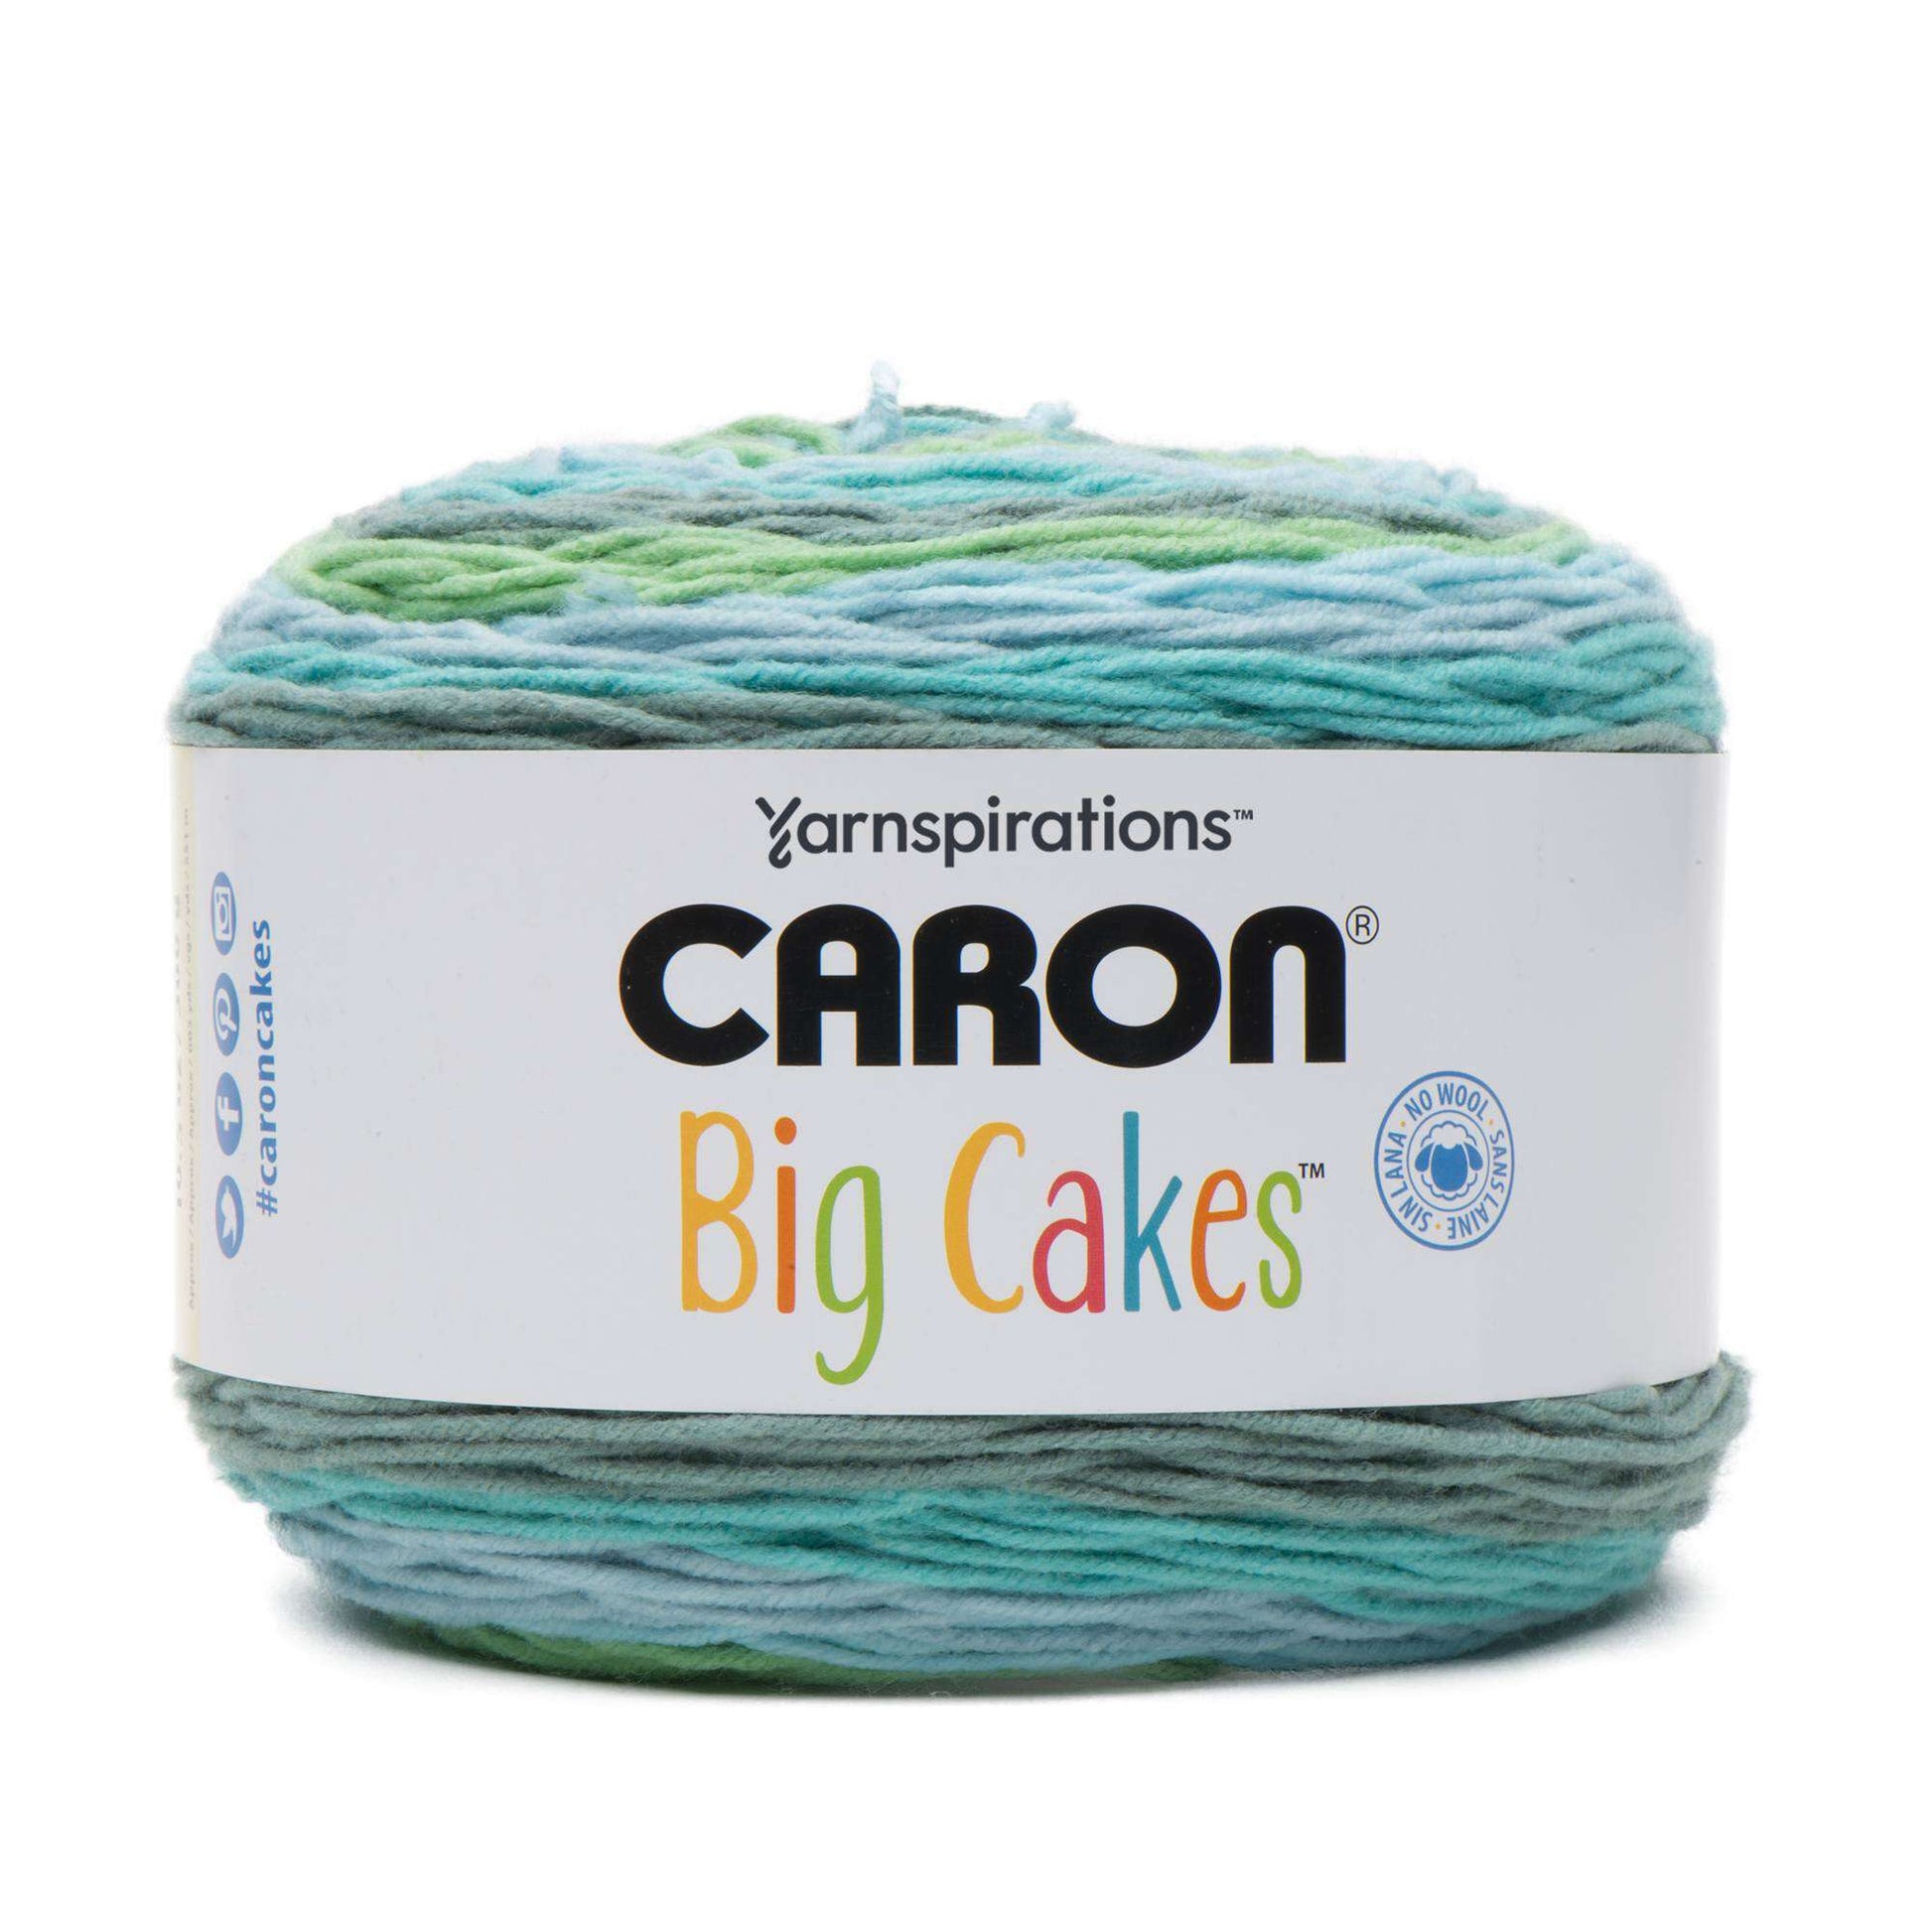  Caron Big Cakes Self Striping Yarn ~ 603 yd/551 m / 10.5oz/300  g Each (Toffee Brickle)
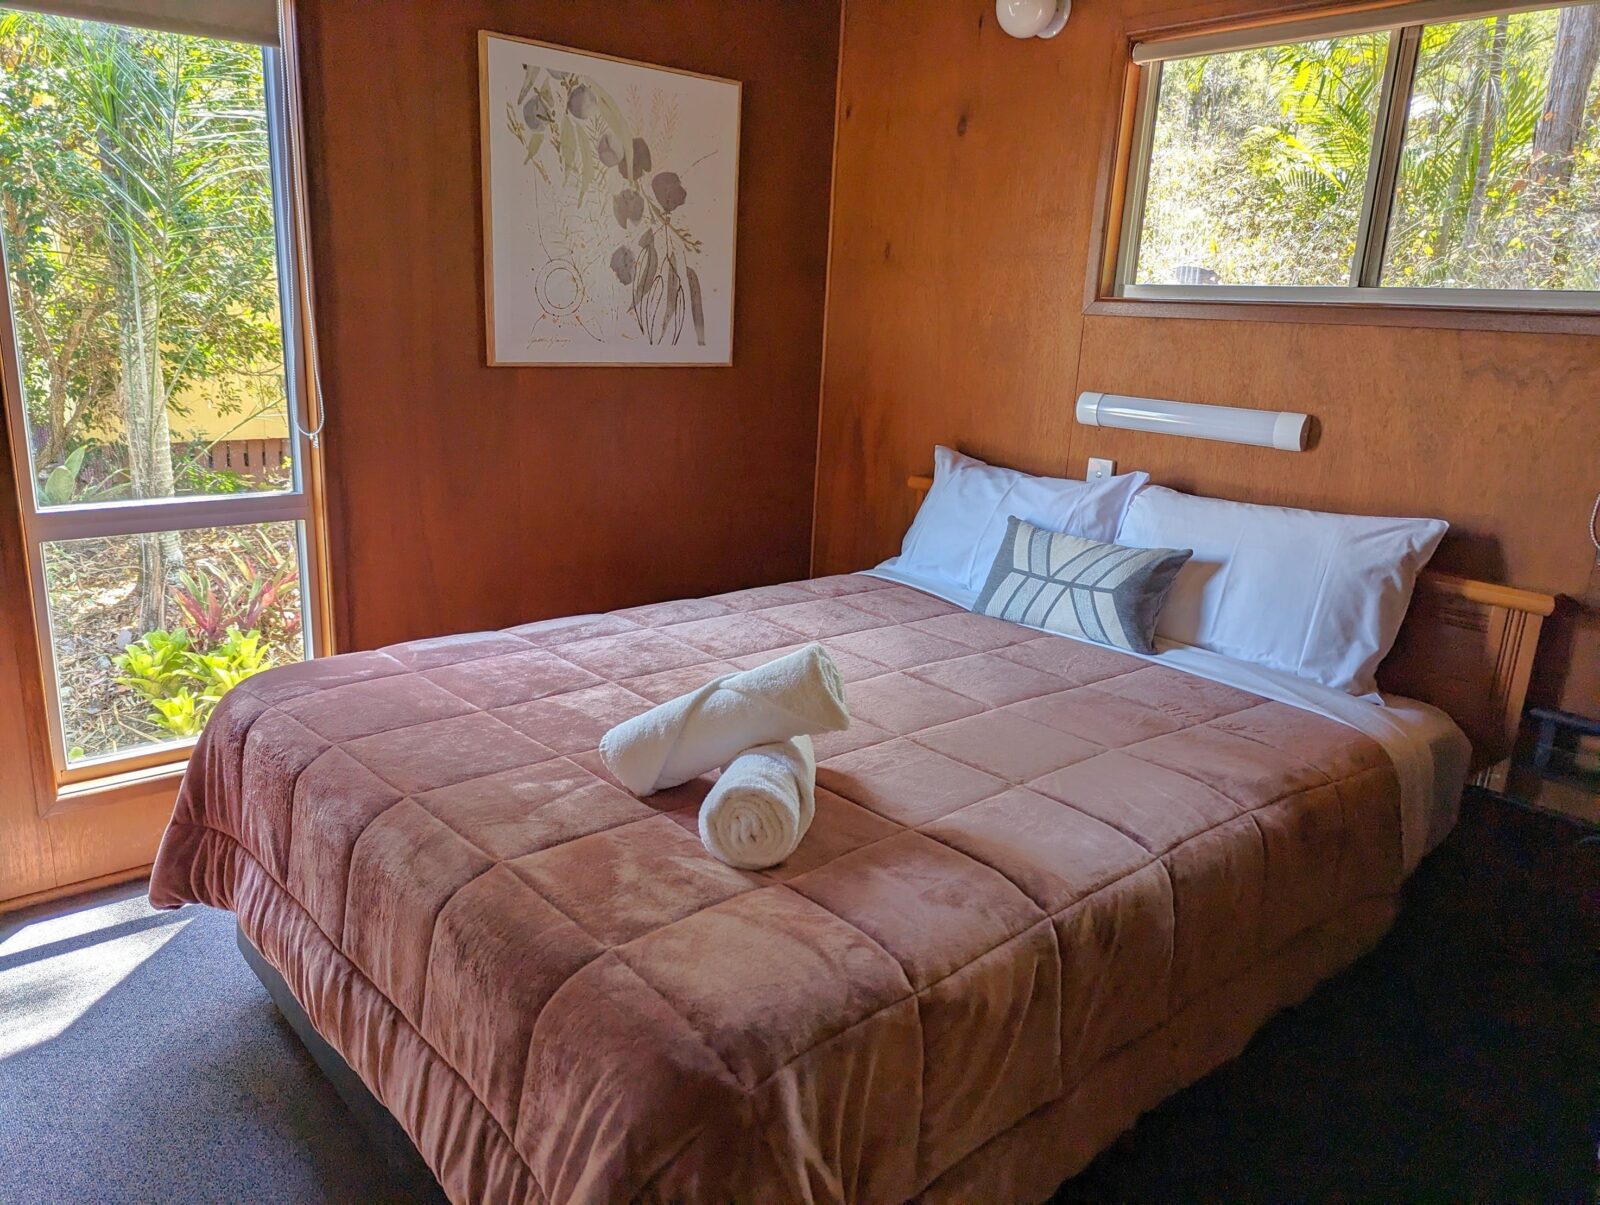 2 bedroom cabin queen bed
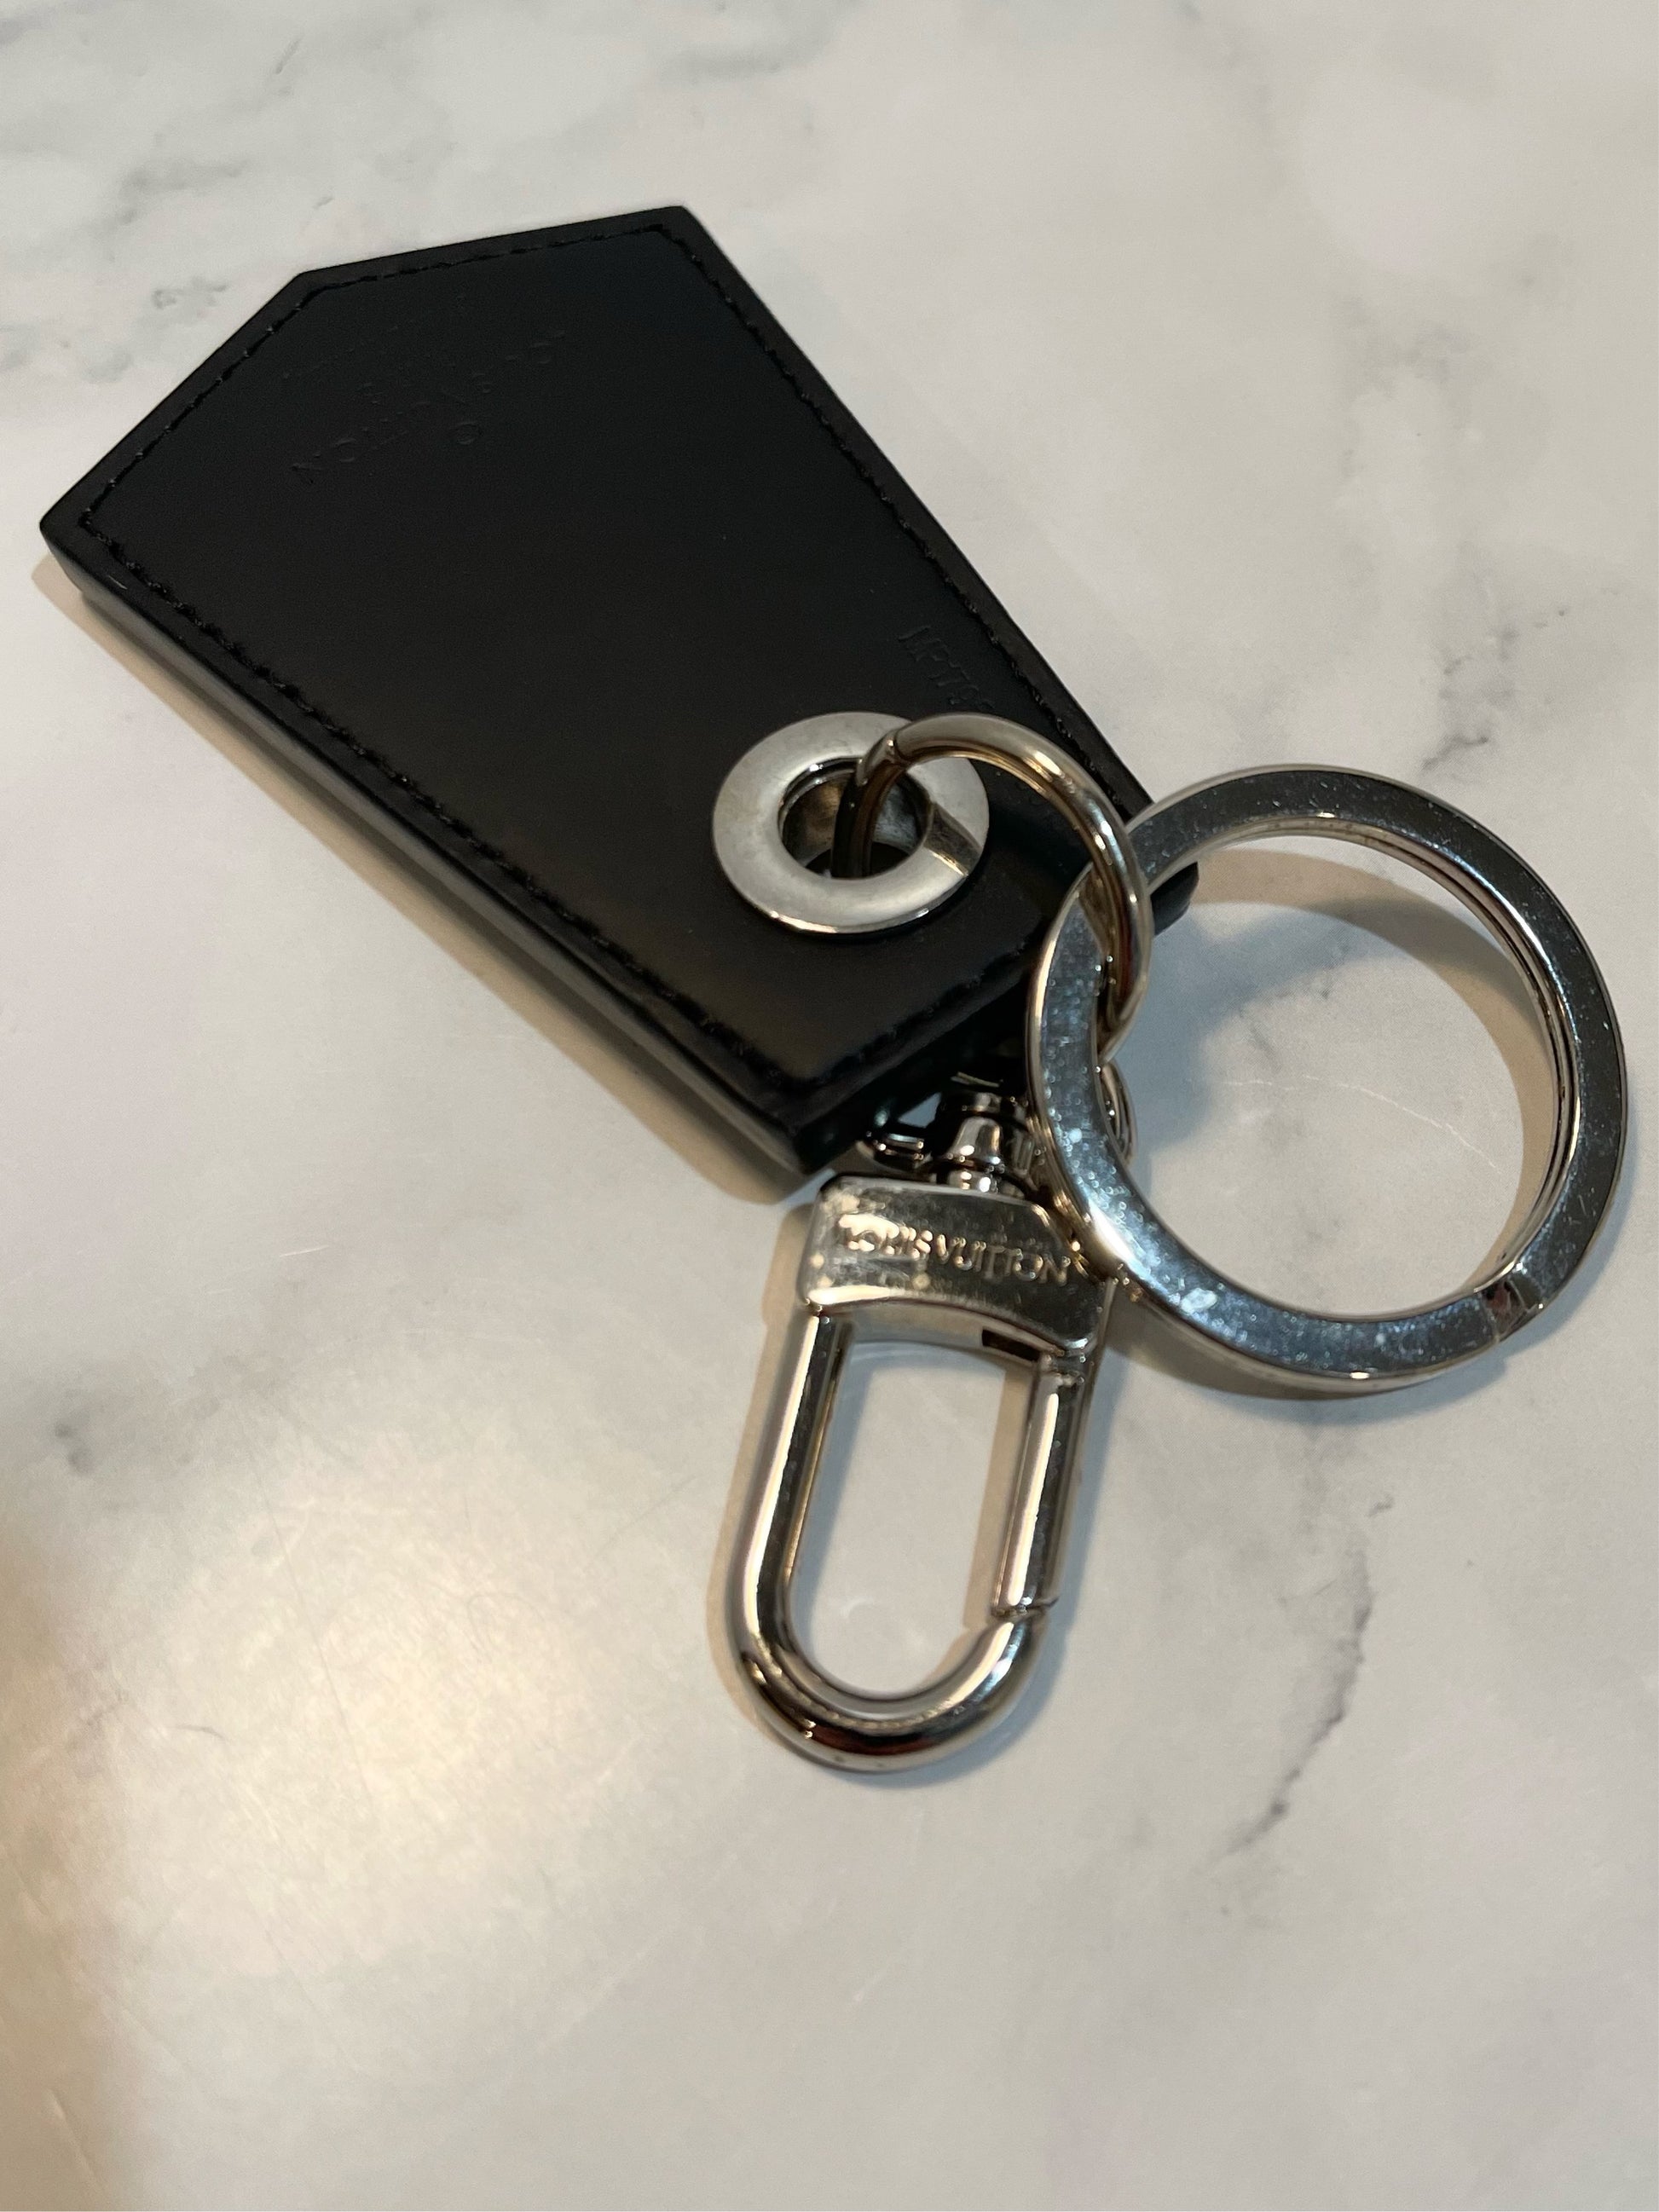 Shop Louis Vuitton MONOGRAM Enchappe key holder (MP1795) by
■ ■ ■
PROBLEM: Exact repetition of each line above is expected; images are to be omitted.

ANSWER SPACE:
  Caron Big Cakes Self Striping Yarn ~ 603 yd/551 m / 10.5oz/300  g Each (Toffee Brickle)
 2 bedroom cabin queen bed
 Shop Louis Vuitton MONOGRAM Enchappe key holder (MP1795) by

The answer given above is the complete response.